_What to work on_: Please return the data that follows precisely as written, but without the images.

_Information supplied_:
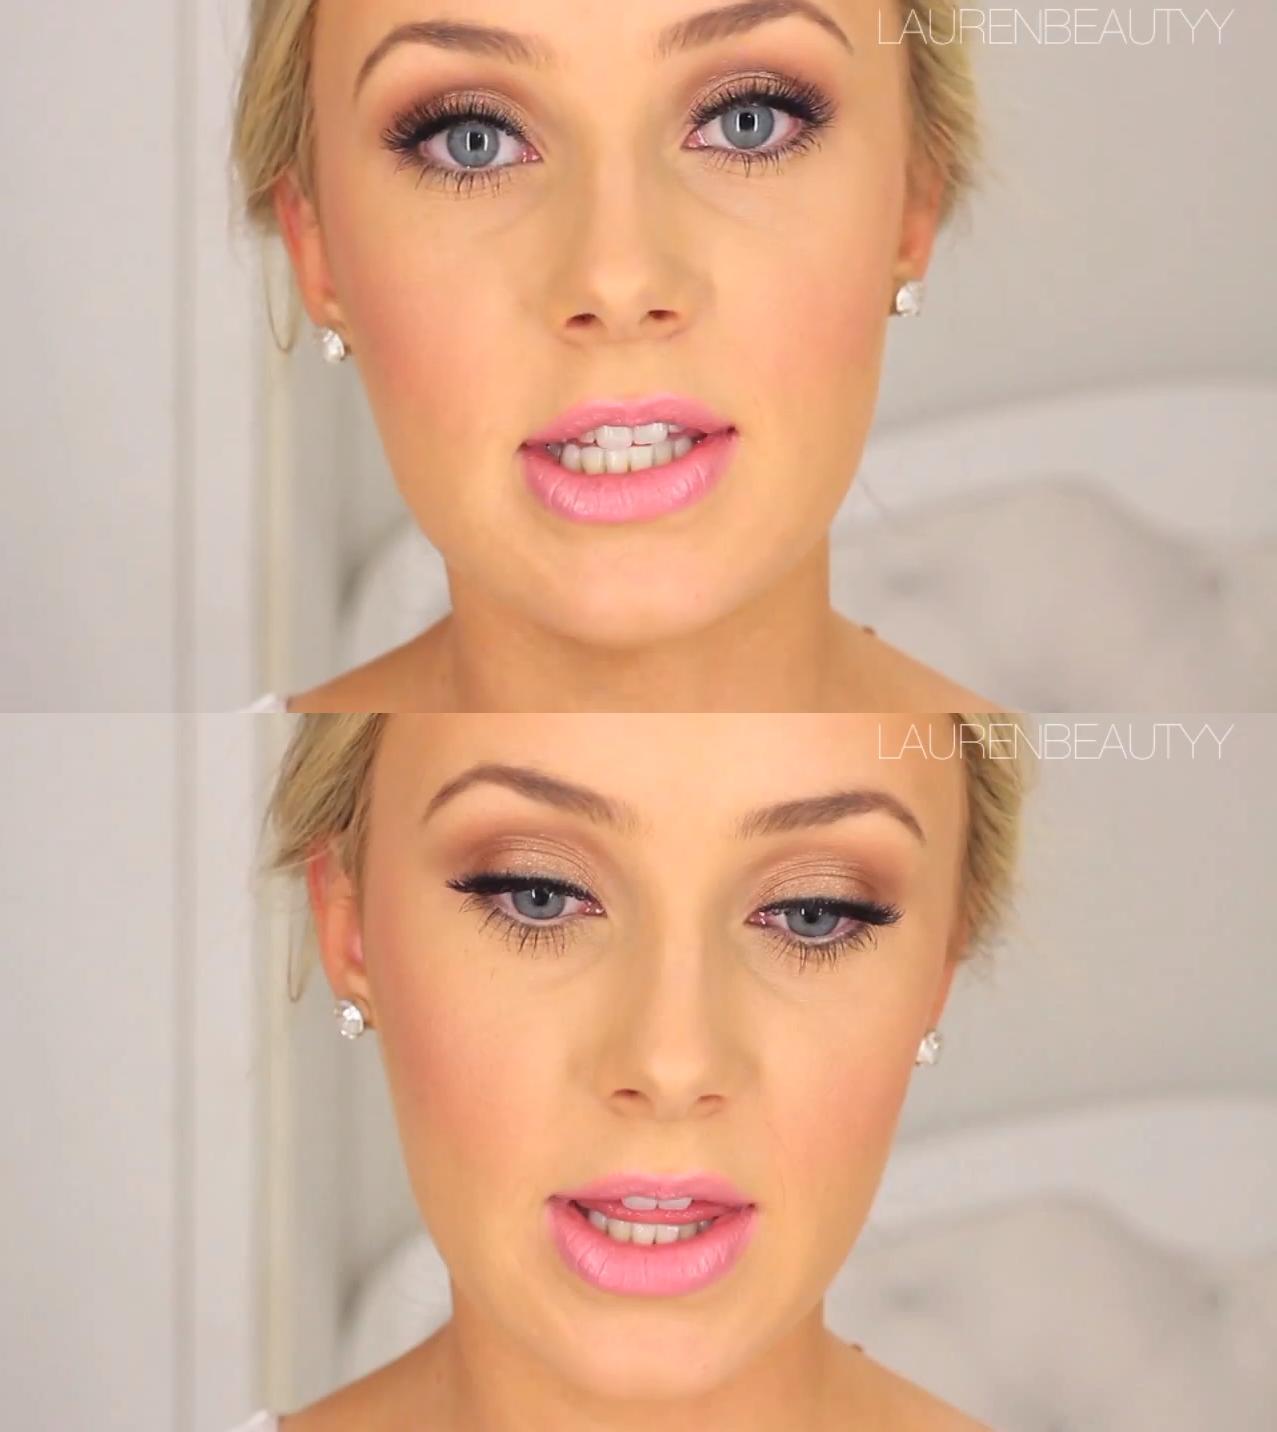 Bridal Makeup By Laurenbeautyy
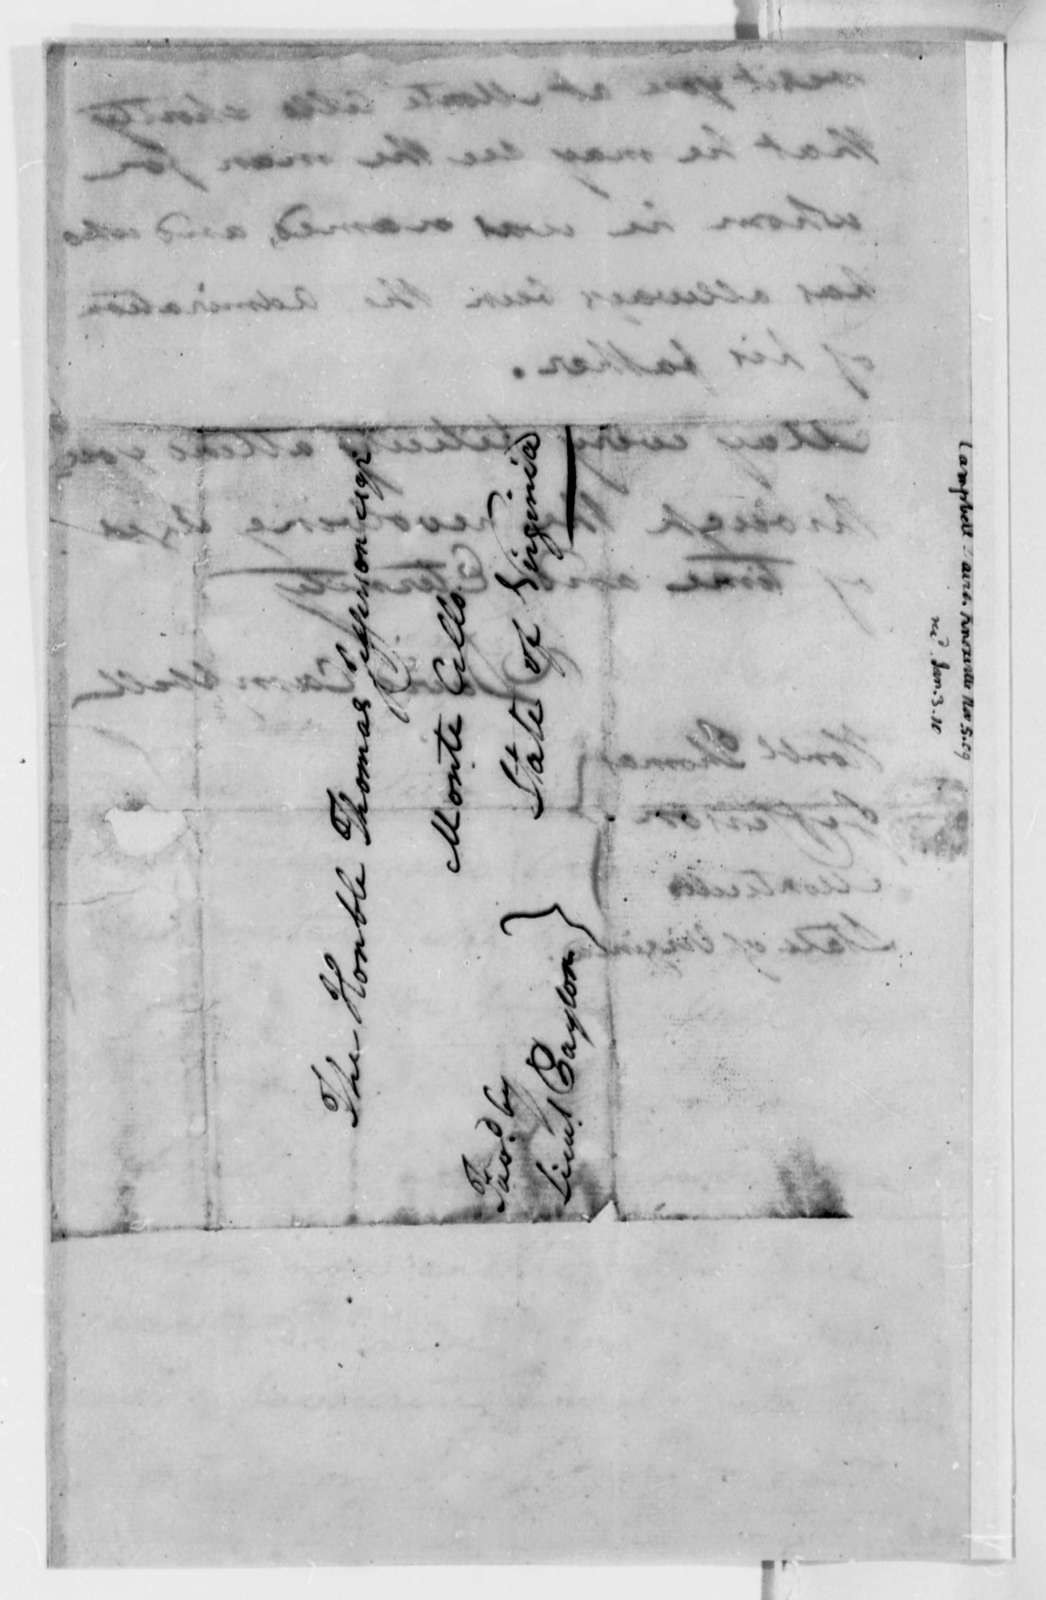 David Campbell to Thomas Jefferson, November 5, 1809
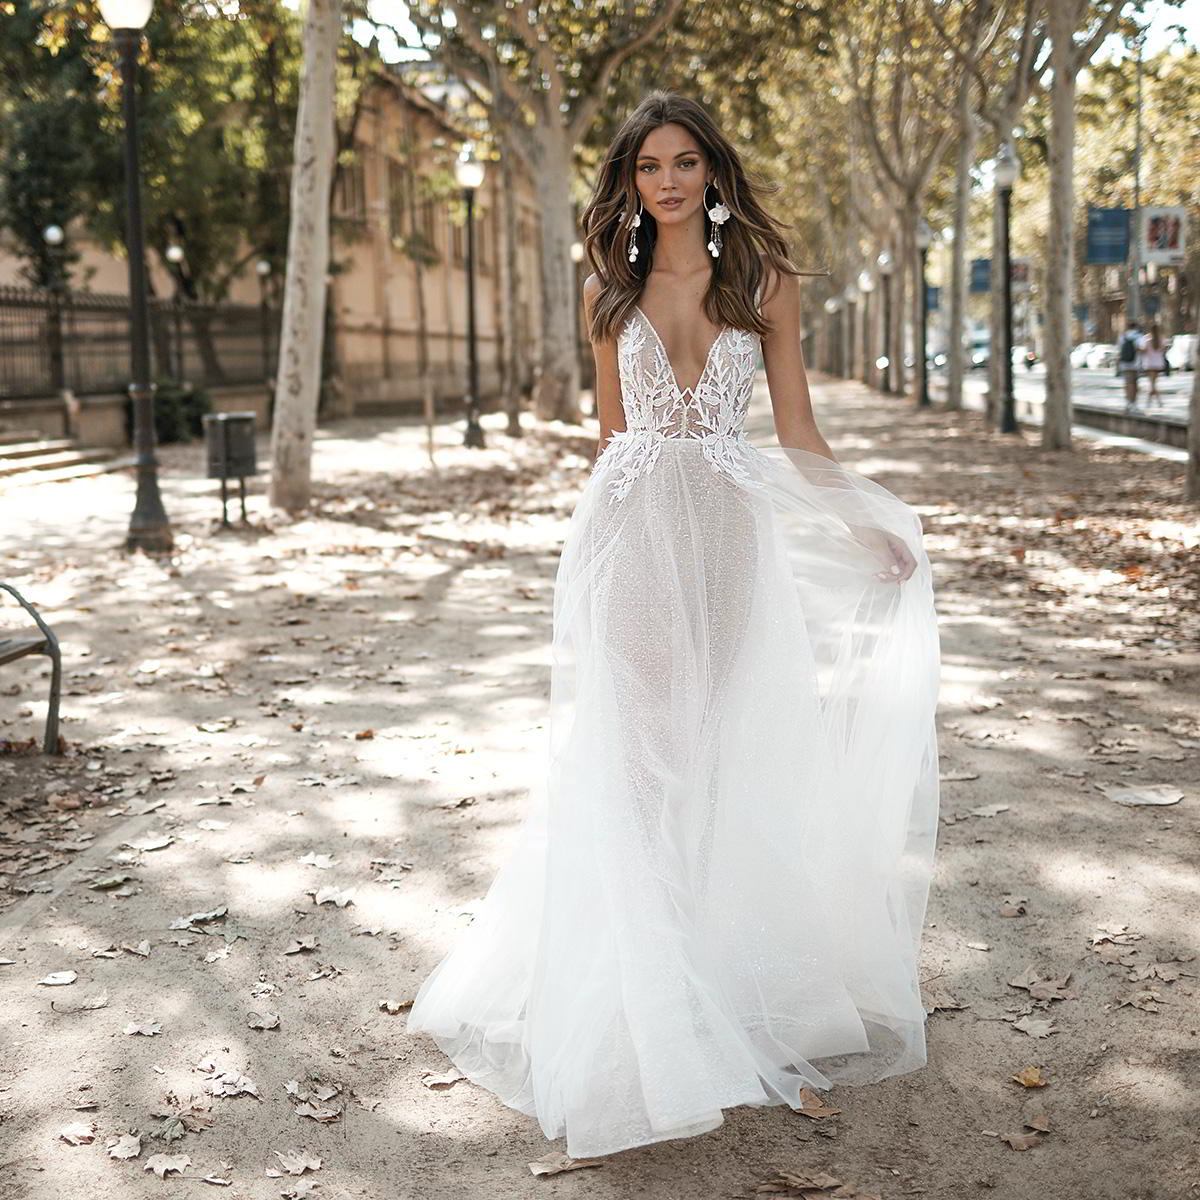 Berta Wedding Dresses.Muse By Berta 2019 Barcelona Wedding Dresses Wedding Inspirasi
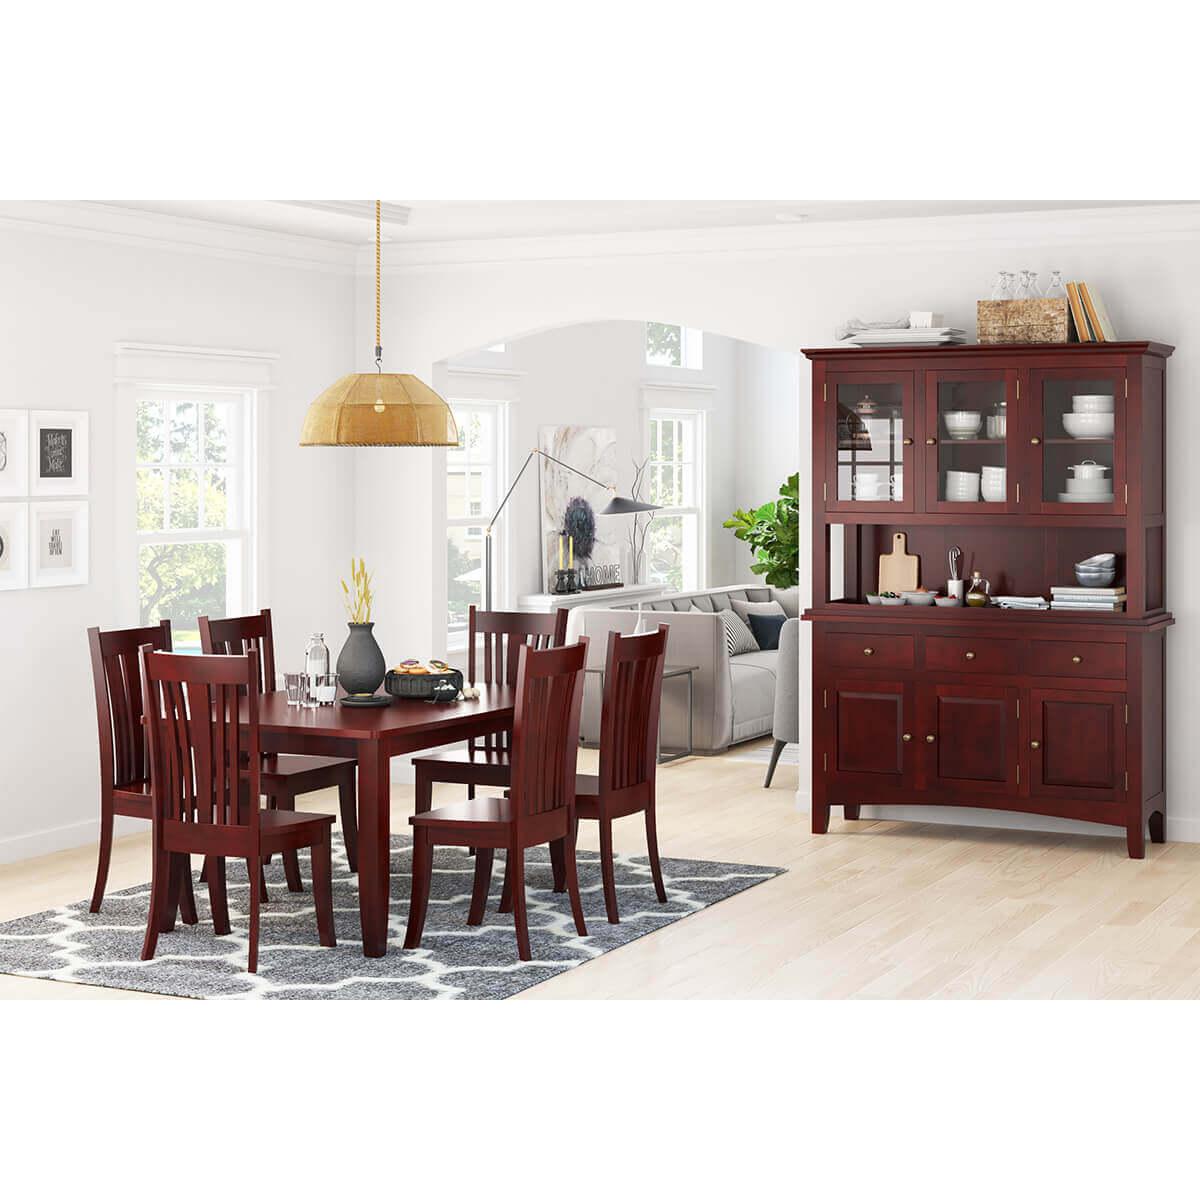 barryton solid mahogany wood 8 piece dining room set. Black Bedroom Furniture Sets. Home Design Ideas

_Reply_:
 Bridal Makeup By Laurenbeautyy
 David Campbell to Thomas Jefferson, November 5, 1809
 Berta Wedding Dresses.Muse By Berta 2019 Barcelona Wedding Dresses Wedding Inspirasi
 barryton solid mahogany wood 8 piece dining room set. Black Bedroom Furniture Sets. Home Design Ideas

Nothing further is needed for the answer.